O risco absoluto também foi quase dobrado para doenças do trato respiratório superior, mas correspondeu a um pequeno aumento para DPOC, pois esta é uma condição mais rara na comunidade em geral.
A equipe aprofundou as estatísticas para revelar quantas operações precisavam ser realizadas para que uma doença adicional ocorresse, conhecida como o “número necessário para tratar” ou NNT.
“Para amigdalectomia, descobrimos que apenas cinco pessoas precisavam ser operadas para causar uma doença respiratória superior extra em uma dessas pessoas.” O Dr. Byars disse.
A equipe também analisou condições que essas cirurgias visavam diretamente tratar, e encontrou resultados mistos.
A adenoidectomia foi associada a um risco significativamente reduzido de distúrbios do sono e todas as cirurgias foram associadas a risco significativamente reduzido de amigdalite e amigdalite crônica, já que esses órgãos foram removidos.
No entanto, não houve alteração na respiração anormal até os 30 anos de idade para qualquer cirurgia e nenhuma alteração na sinusite após amigdalectomia ou adenoidectomia.
Adenotonsillectomia subsequente, o risco relativo para aqueles que fizeram a operação aumentou quatro ou cinco vezes para otite média (inflamação do ouvido médio) e sinusite também mostrou um aumento significativo.
O estudo sugere que os benefícios a curto prazo dessas cirurgias podem não continuar até os 30 anos, além do risco reduzido para amigdalite (para todas as cirurgias) e distúrbios do sono (para adenoidectomia).
Em vez disso, os riscos a longo prazo para respiração anormal, sinusite e otite média foram significativamente maiores após a cirurgia ou não significativamente diferentes.
Os pesquisadores observam que sempre haverá a necessidade de remover amígdalas e adenoides quando a doença for grave.
“Mas nossos resultados apóiam o adiamento da remoção de amígdalas e adenoides se possível, o que poderia ajudar no desenvolvimento normal do sistema imunológico na infância e reduzir os possíveis riscos de doenças de vida posterior que observamos em nosso estudo”, diz o Dr. Byars.
“Em 1870 Charles Darwin disse que o apêndice era um vestígio inútil da evolução, prevendo que era muito pequeno para contribuir para a digestão de qualquer forma significativa. Agora sabemos que ele também tem uma função importante no sistema imunológico, protegendo contra infecções intestinais ao encorajar o crescimento de boas bactérias”

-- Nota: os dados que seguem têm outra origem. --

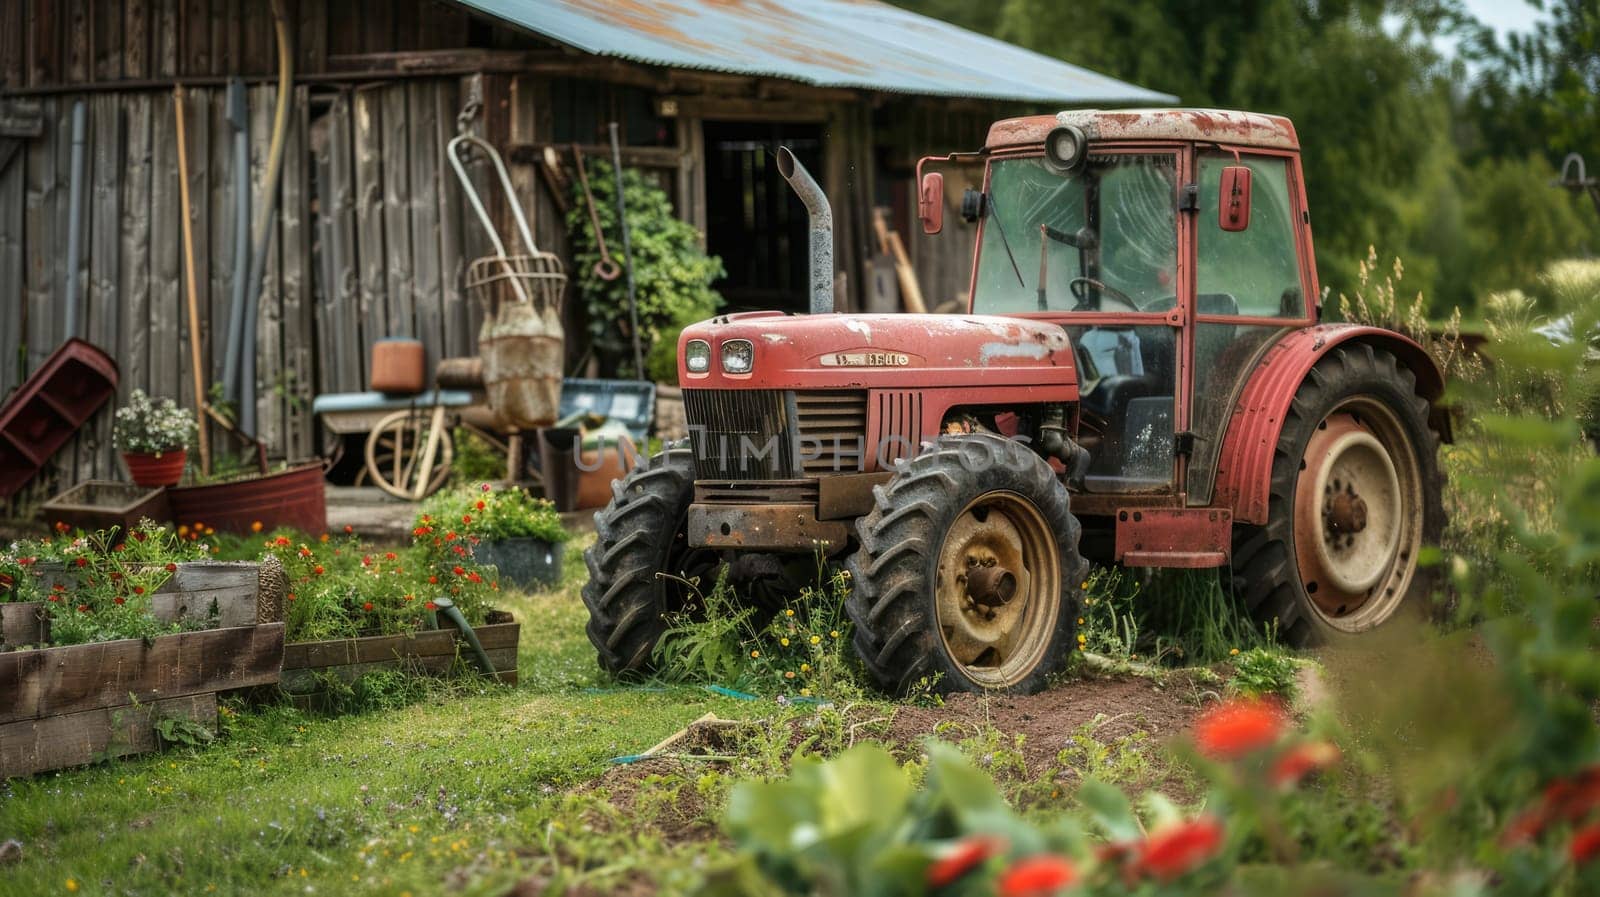 Tractor and garden tools for farmer by natali_brill

>Como descobrimos mais sobre a função dos tecidos imunológicos e as conseqüências para toda a vida da sua remoção, especialmente durante idades sensíveis quando o corpo está se desenvolvendo, isto ajudará a orientar os pais e médicos sobre quais tratamentos eles devem usar.
Banner: Ringo Starr com o companheiro Beatle George Harrison depois de ter as amígdalas removidas em 1964/ Getty Images.